Front end developers will handle its body, starting from an open source form rendering template. Rules are defined in Corticon.js which specify what prompts to present to the user, the input type for responding to the prompt, in what order to present the prompts, constraints/validations on the entered data, how the previous responses may or may not impact subsequent prompts, and when the requisite data has been gathered and is ready to be passed along to downstream systems. While this logic is all defined in Corticon.js Studio, it will ultimately be transformed (or, technically, transpiled) into a Decision Service JavaScript bundle.
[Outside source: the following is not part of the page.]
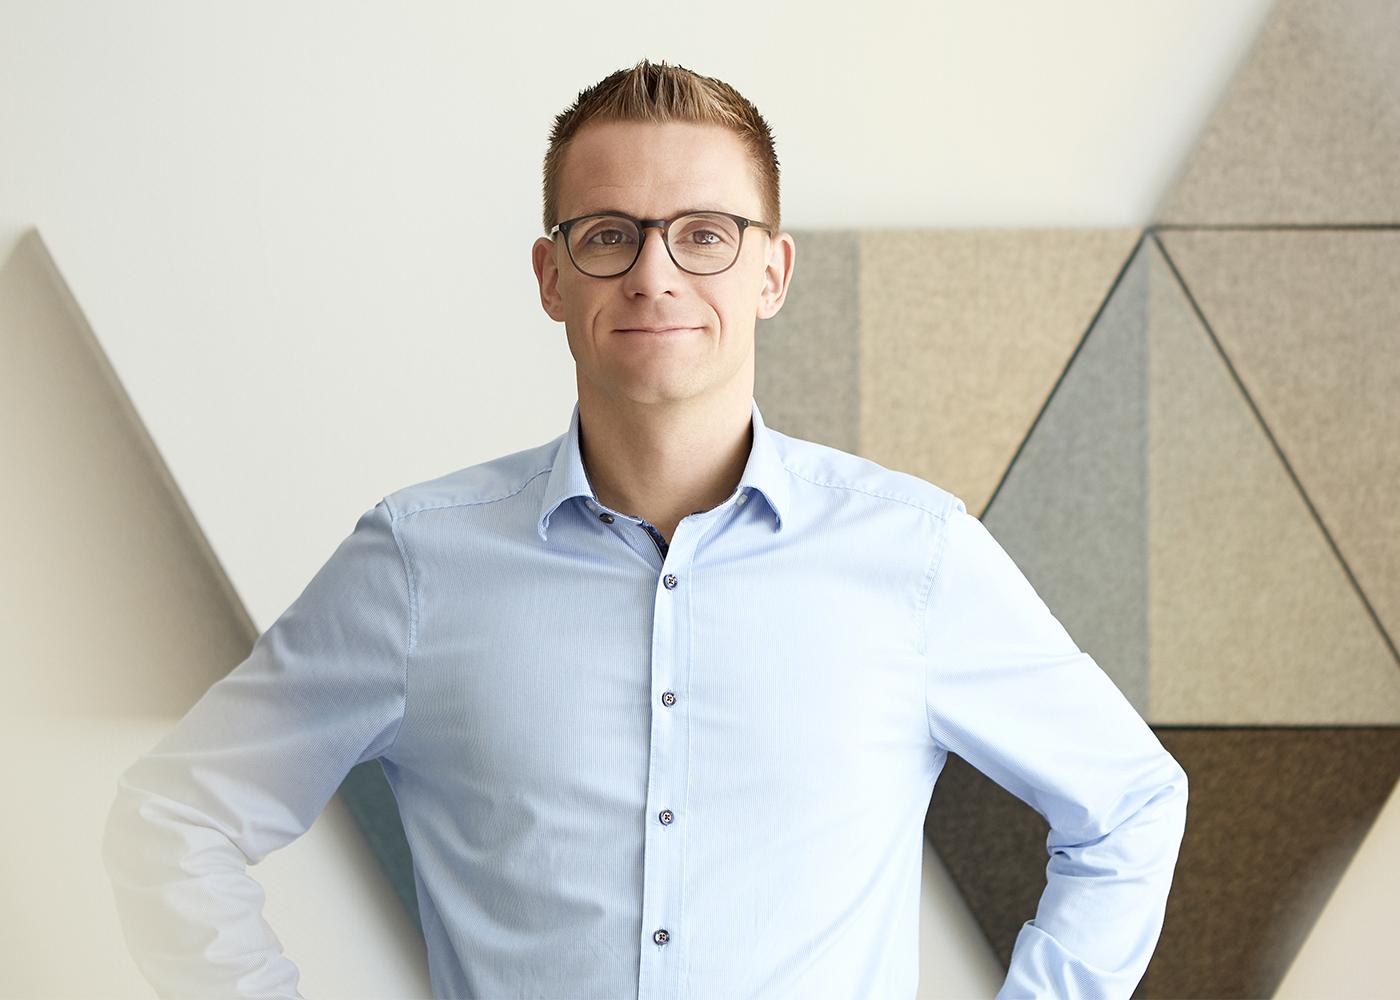 Geschäftsführer Klaus Raab | Raab IT Systemhaus – seit 1988 in Gerstetten | designQUARTIER | Foto: Florian Thierer

The front end rendering component in turn will be responsible for the styling of the forms' user interface and prompts, invoking the decision service when the user hits 'next', and rendering the components of the form that the decision service specifies, along with any constraints and validations it specifies.
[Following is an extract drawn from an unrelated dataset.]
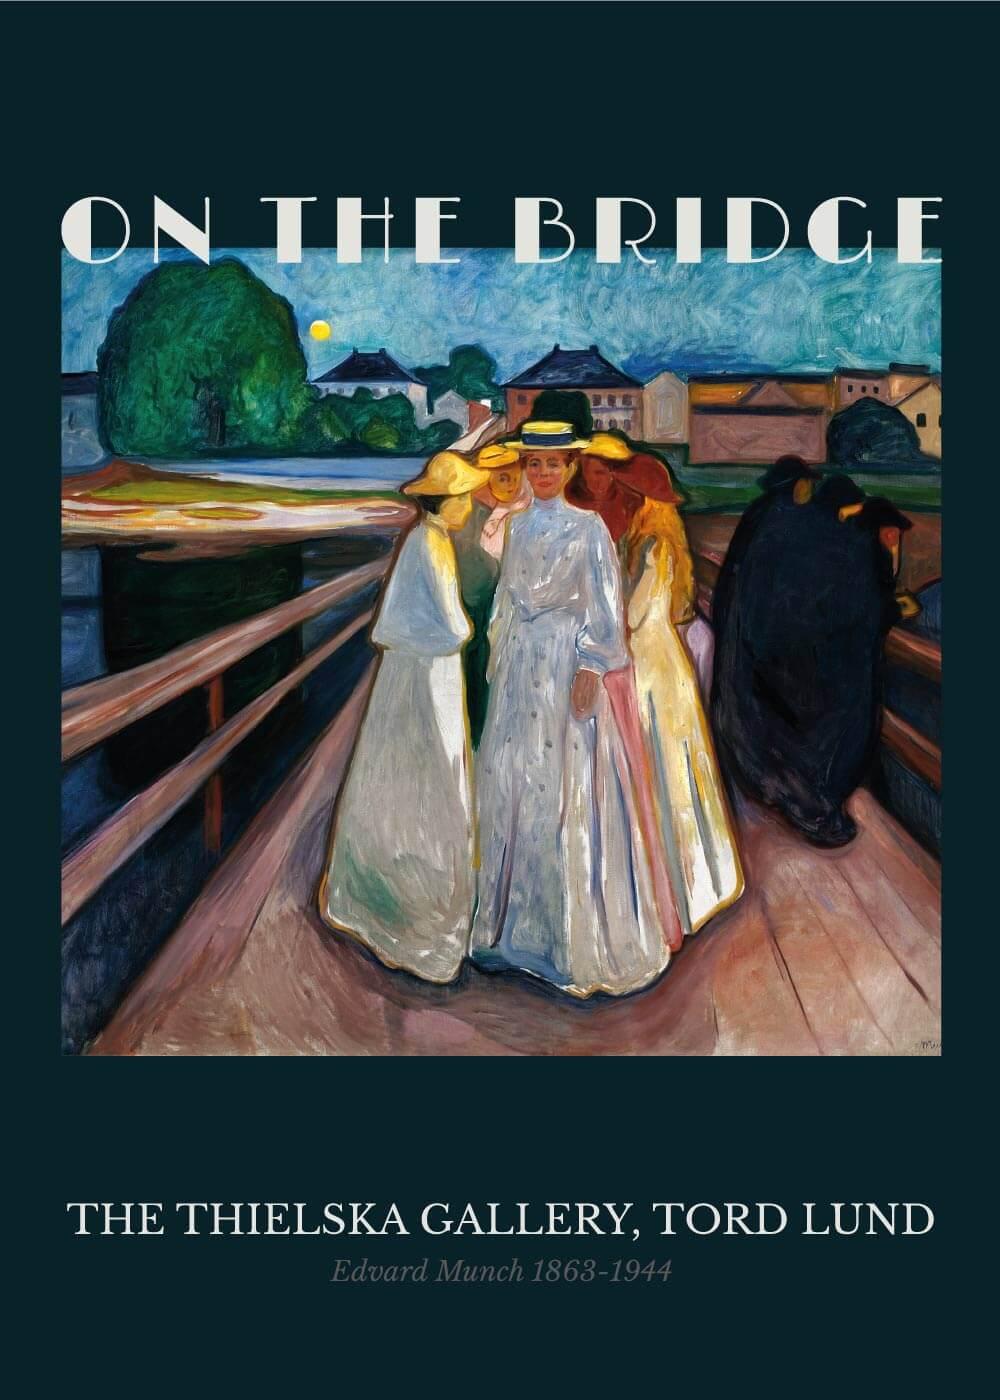 Billede af On the bridge - Edvard Munch

For example, consider an insurance quoting form. An optimal dynamic form for the quoting process should:

  • Guide the end user through the quoting process in the most efficient way possible—not wasting the end users' time with inapplicable inquiries such as 'Please Select a Vehicle Make (if applicable)' for a renter's insurance policy, or ask for the applicant's home address if we already know that they're an existing customer and thus we know this information already.
  • Not risk the end user abandoning the quoting process by making calls to a server every time something dynamic must happen.
  • At each juncture where the form determines what information is needed, evaluate the accrued user provided data, data already known about the user (e.g. via them being logged in and their info populated from a CRM), or data retrieved live from external endpoints
  • Maintain form rendering logic (rendering component only knows that when it is told to render a multi select dropdown UI component, it will look and behave like this) as a separate but interoperable component from the content of the prompt/responses itself (decision service logic doesn't care how the multi select dropdown looks or behave, but the content of the prompt should be X, the options should be populated from the array Y, and the selection of the end user's selected value should be captured in the browser session storage under fieldname Z.

To get you started building forms, we provide a form accelerator template which is made up of:

  • A base Corticon.js Rule Vocabulary comprised of the UI definition components that are able to render by the rendering HTML out of the box
  • A 'test driver' html page which allows form developers to test the form as they go and see how the different components work together
  • JS files which serve as the glue between the Decision Service file and the front end HTML. These will be preconfigured to 'translate' the terminology used in the rule vocabulary to specify UI components into the actual HTML input types etc.